I’ve never successfully made hamentaschen. Someday, maybe. (Mine always slump. I blame our too-cool oven).
posted by nat at 10:14 AM on March 5 [2 favorites]


While store bought chocolate chip cookies and brownies and cakes are still (pretty good) chocolate chip cookies and brownies and cakes, store bought hamantaschen and rugelach and babka and other Ashkenazi dessert suck. Like, you can have crappy pizza and yay you're eating pizza. But crappy hamantaschen aren't worth it, for sure, and store bought chocolate babka is just meh at best.

Carrioncomfort, that's an excellent point, and I have to admit:

I was comparing my homemade chocolate chip cookies (which I have spent years tweaking to be exactly to my taste) with storebought Ashkenazi desserts... or, worse yet, with pastries bought from an inexpensive kosher caterer on Friday and served, slightly stale, after services on Saturday. You're absolutely right that it's not a fair comparison.

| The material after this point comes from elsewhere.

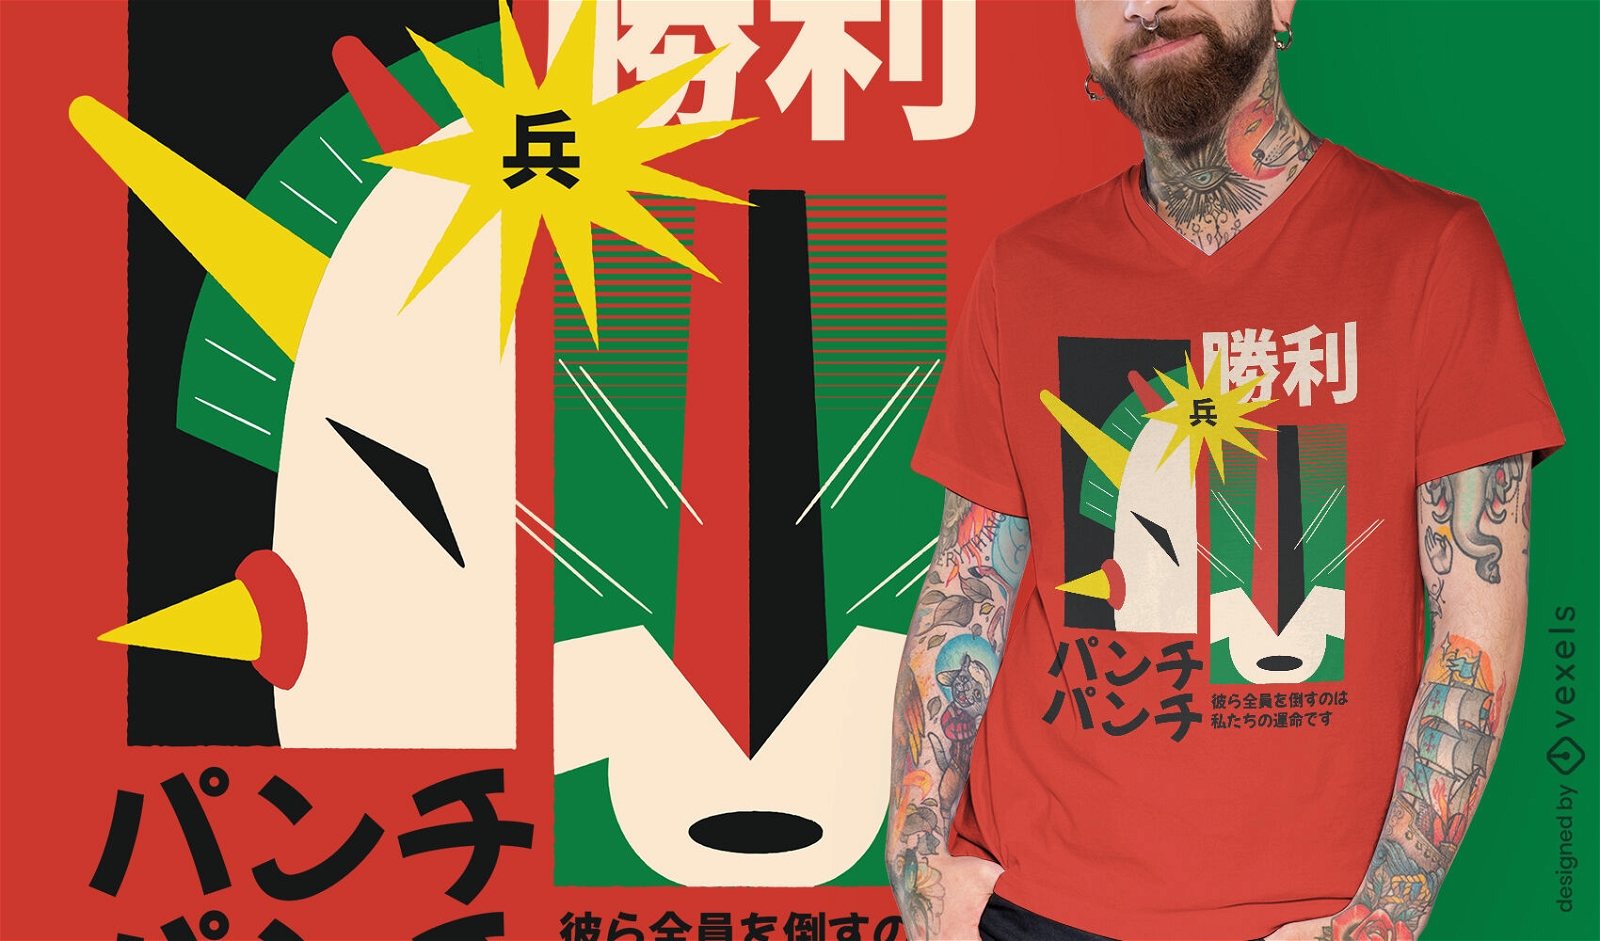 Japanese robot illustration t-shirt design
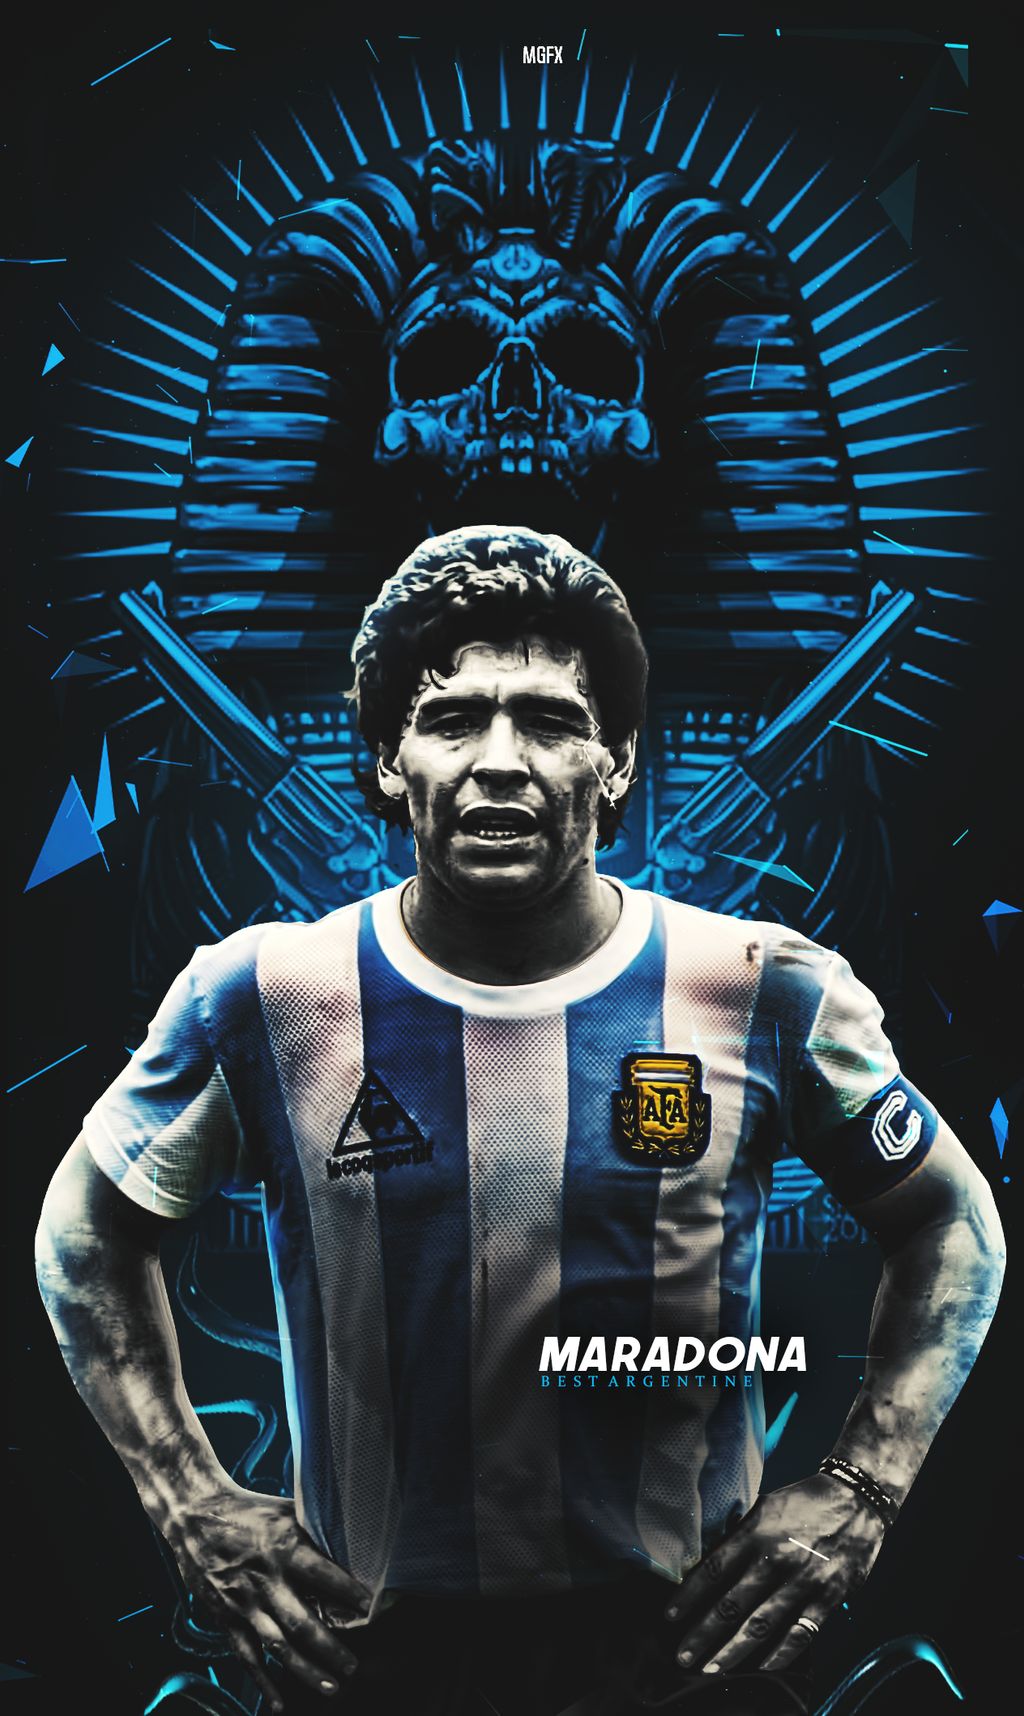 Maradona Wallpaper - NawPic

And as I think about it, the reason I rank hamantaschen higher is that my younger kid (who is an excellent baker) has made them for me.

Youve all done something I didn't think possible: you've convinced me to give Ashkenazi desserts another chance. It's a Purim miracle!
posted by yankeefog at 2:05 AM on March 6 [5 favorites]


Gee, I get to participate in a discussion of Jewish tradition! I accidentally got chocolate hamantaschen because they were out of the good ones at Cecil’s in St. Paul. They were *fabulous*. Best I’ve ever had, including the poppy seed (which are quite good, I think). Note: completely goy.